The president of the United StatesS, Donald Trump, hoped on Wednesday new reciprocal tariffrisking cost increases and probably causing reprisals from all parties.
The details of the tariff planscalled by Trump as “United States Liberation Day”they were still being formulated before an advertisement ceremony in the White House Roses program scheduled for the 4 PM, Eastern time (2000 GMT).
The new tariffs will take effect immediately after Trump announced them, while a 25% separate global tariff on car imports will enter into force on April 3.
Trump has said that his reciprocal tariff plans are a measure to match the generally lower tariff rates in the United States with those charged by other countries and counteract their non -tariff barriers that disadvantage US exports.
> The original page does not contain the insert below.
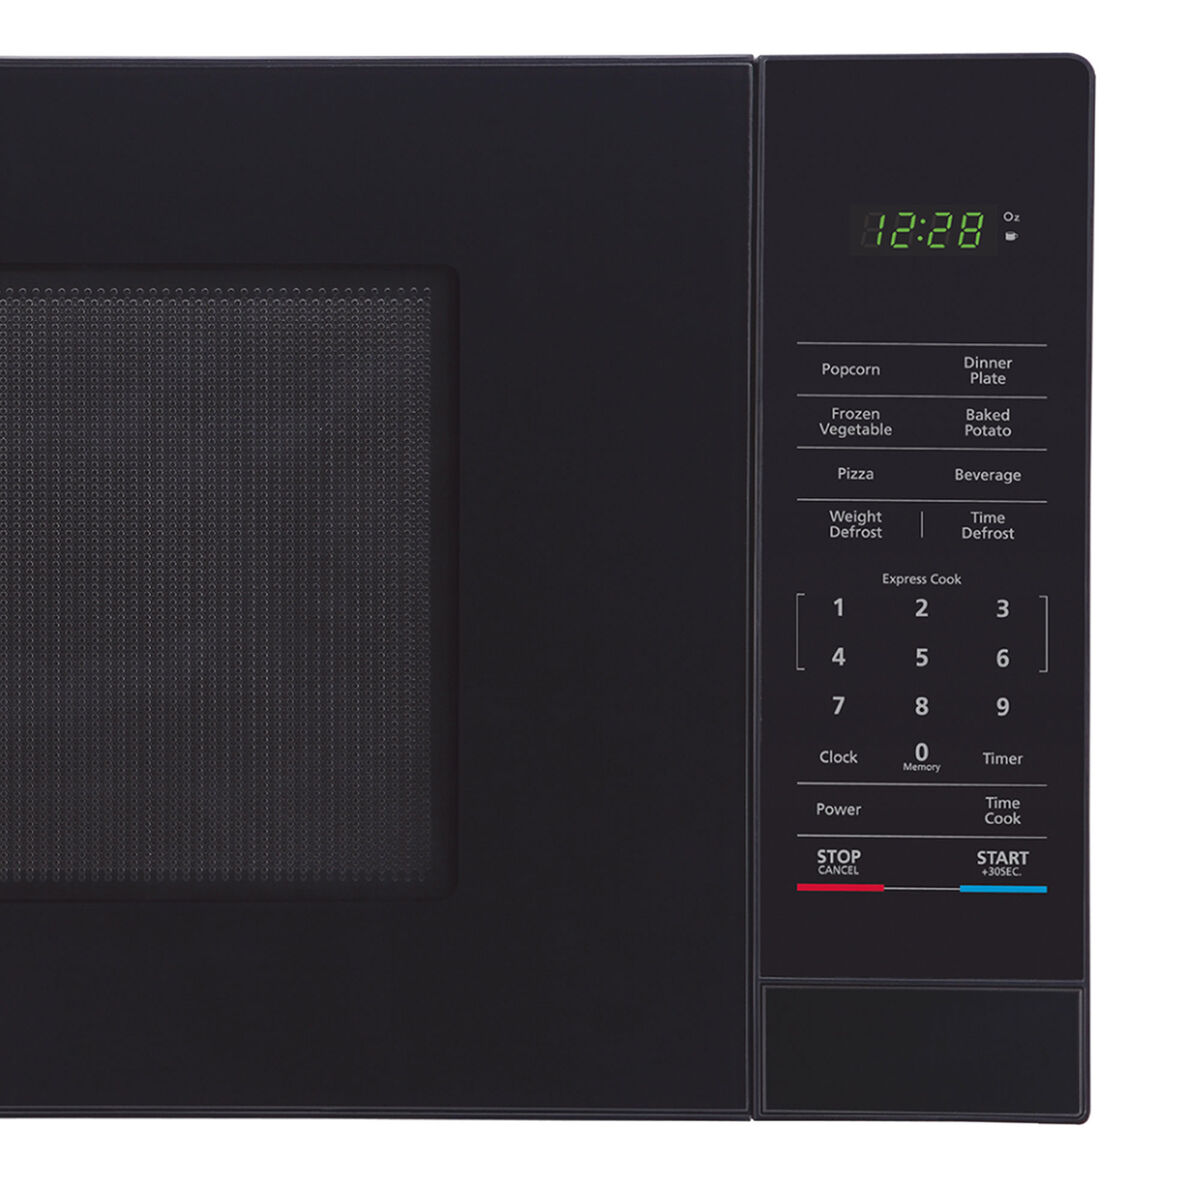 MAGIC CHEF 1000-Watt Countertop Microwave Oven - Silver, 1.1 cu ft

But the tariff format was not clear amid reports that Trump was considering a 20%universal tariff.
Taxp -planned taxes They will be negative for all, said the president of the European Central Bank, Christine Lagarde.
“It will be negative throughout the world and the density and the durability of the impact will vary according to the scope, the products to which it is directed, its duration and if there are negotiations or not,” he said in an interview on the Irish radio Newstalk.
While a nervous world was waiting for details of the tariff plans, the actions backed on Wednesday, while gold, an active refuge, remained near historical maximums.
“I don’t remember a situation in which there were so much at stake and, nevertheless, the result was so unpredictable “Steve Sosnick, Straight Chief of Interactive Brokers, said. “The devil will be in details and nobody knows them.”
In all sectors, from cars to sea transport of goods, luxury goods and more, business leaders waited to see what would affect them, even more so because Trump has invoked powers emergency to add quickly, and occasionally retract and restore tariffs.
“Decisions cannot be made important about the supply chain when the rules of the game change constantly “, Peter Sand, chief analyst of the Xeneta freight pricing platform, said.
A former commercial official of Trump’s first mandate told Reuters that Trump was more likely to impose integral tariffs on individual countries at somewhat lower levels.
The former official added that the number of countries facing these tariffs would probably exceed approximately 15 nations in which Treasury Secretary Scott Besent above that the administration was focused due to its high commercial surpluses with the United States.